Expected Completion Surfaces

While densities can help tell us tendencies, they don’t tell us how well a player performed when targeting a certain area of the field. Ideally, we’d like to match this pass location data to play by play data and look at the expected points added of each throw, but due to the inconsistincies with the way different stadiums record air yards that’s quite difficult to do (though I highly encourage any ambitious reader to try. You’d add a lot to this field if you can pull it off). Since we don’t have expected points, we’ll try the next best thing: expected completion percentage.
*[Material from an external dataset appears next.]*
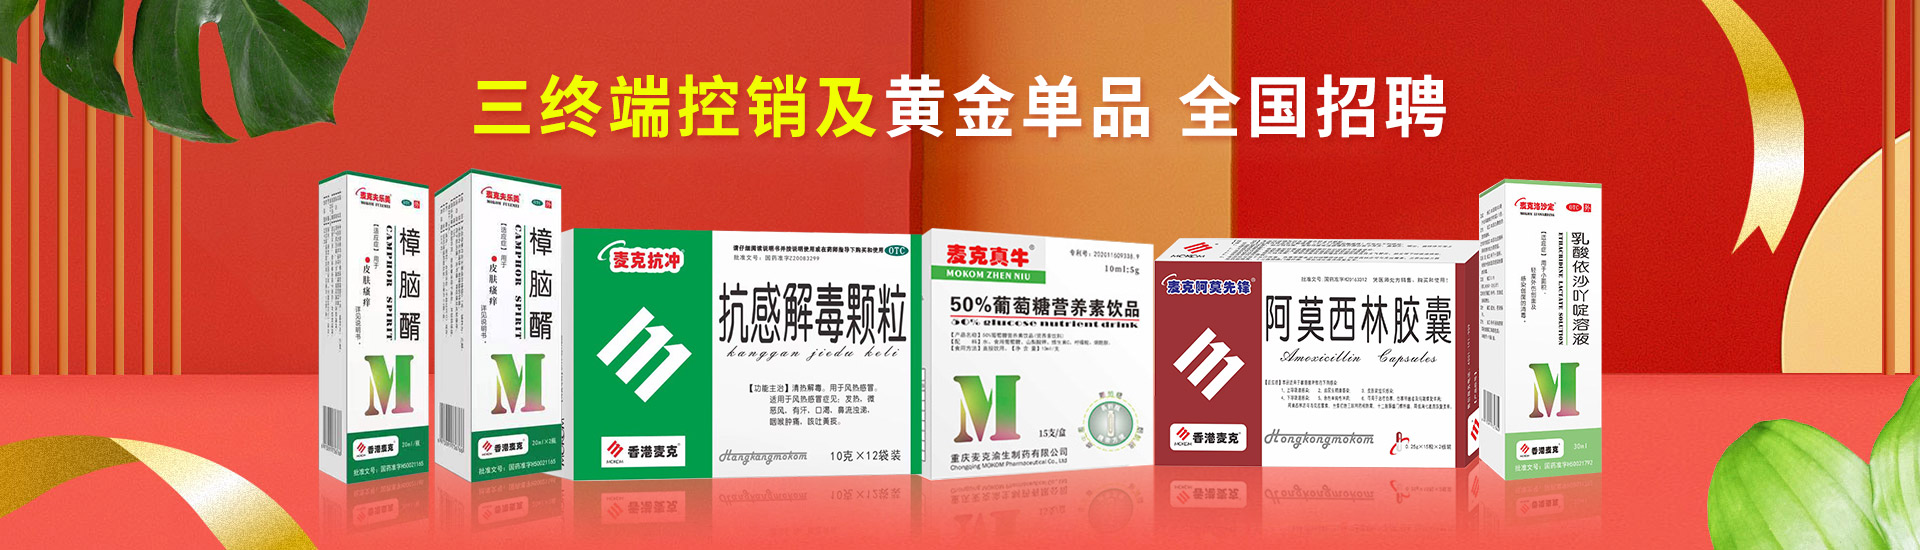 香港麦克集团药业有限公司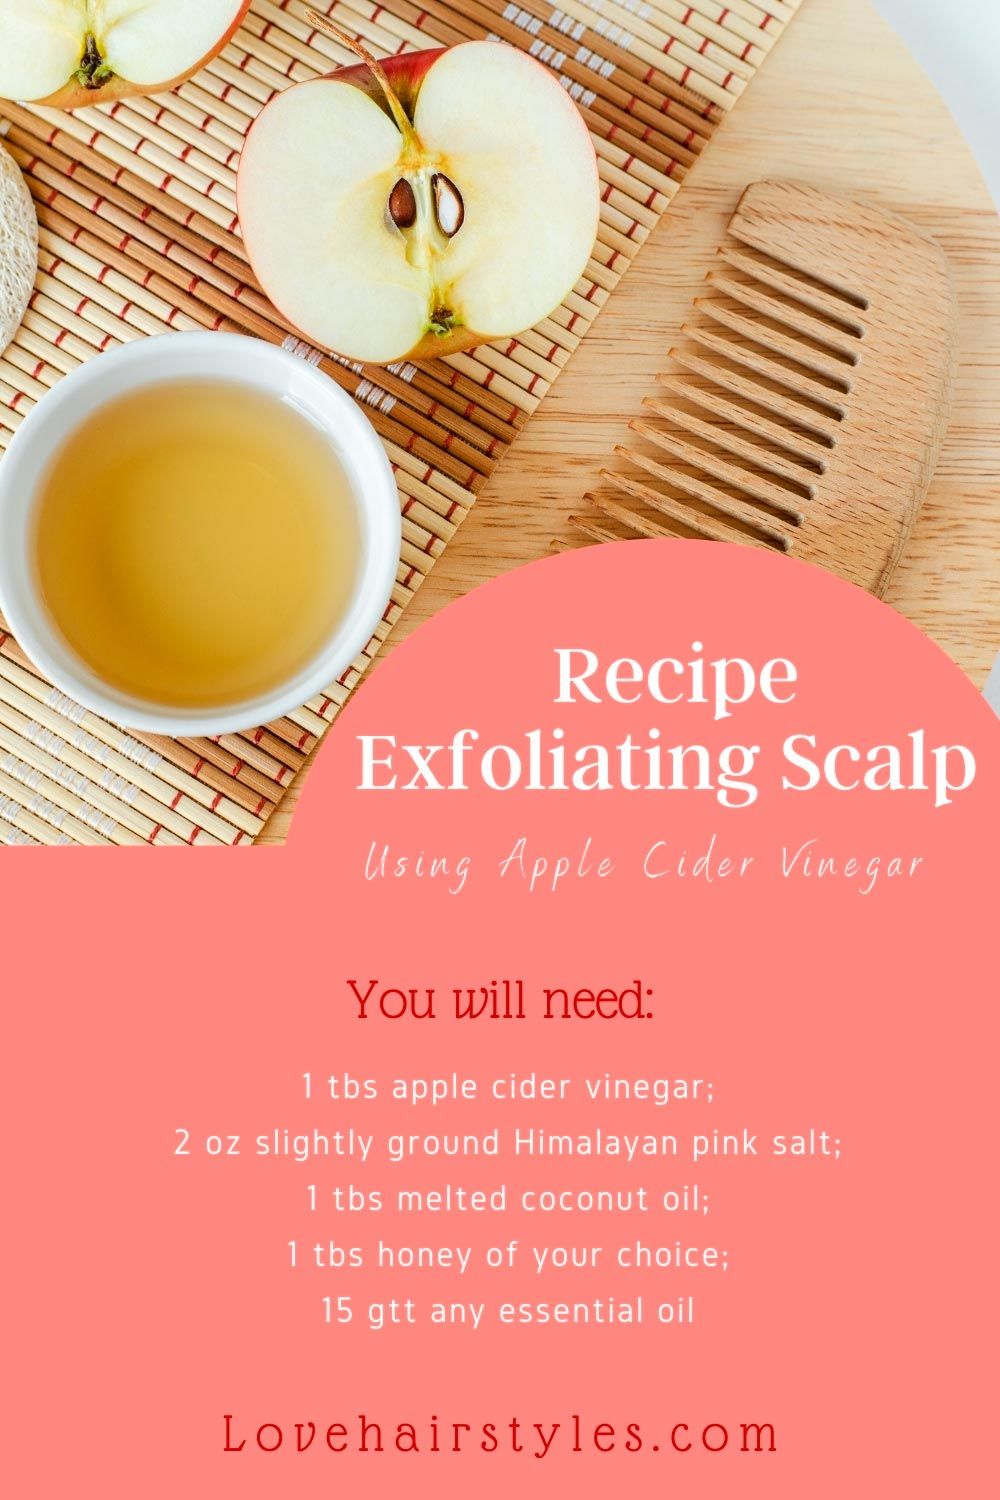 Exfoliating Scalp Recipe Using Apple Cider Vinegar

In our dataset, we have the x and y coordinate of the pass, the player who threw the ball, the team they threw it against, some final game information (final score, game location) and whether or not the pass was completed. For now we’ll just estimate probabilities for the whole league, focusing on just the x and y coordinate of the pass. Now I’m not a statistician, so I can’t say for certain what model is best for this task. Thankfully, the amazing creators of the original NGS scraper are trained statisticians, and they’ve laid out in their paper why generalized additive models would be a good choice for this task. To quickly summarise, they allow us to both capture potential nonlinearities while also giving us a very smooth output, which is both nice for plotting and likely matches the reality of throwing a football (it is unlikely that there are very jagged differences or harsh cutoffs in difficulty as pass locations move throughout the field, but rather we’d expect the change in the “true” completion percentage to be smooth).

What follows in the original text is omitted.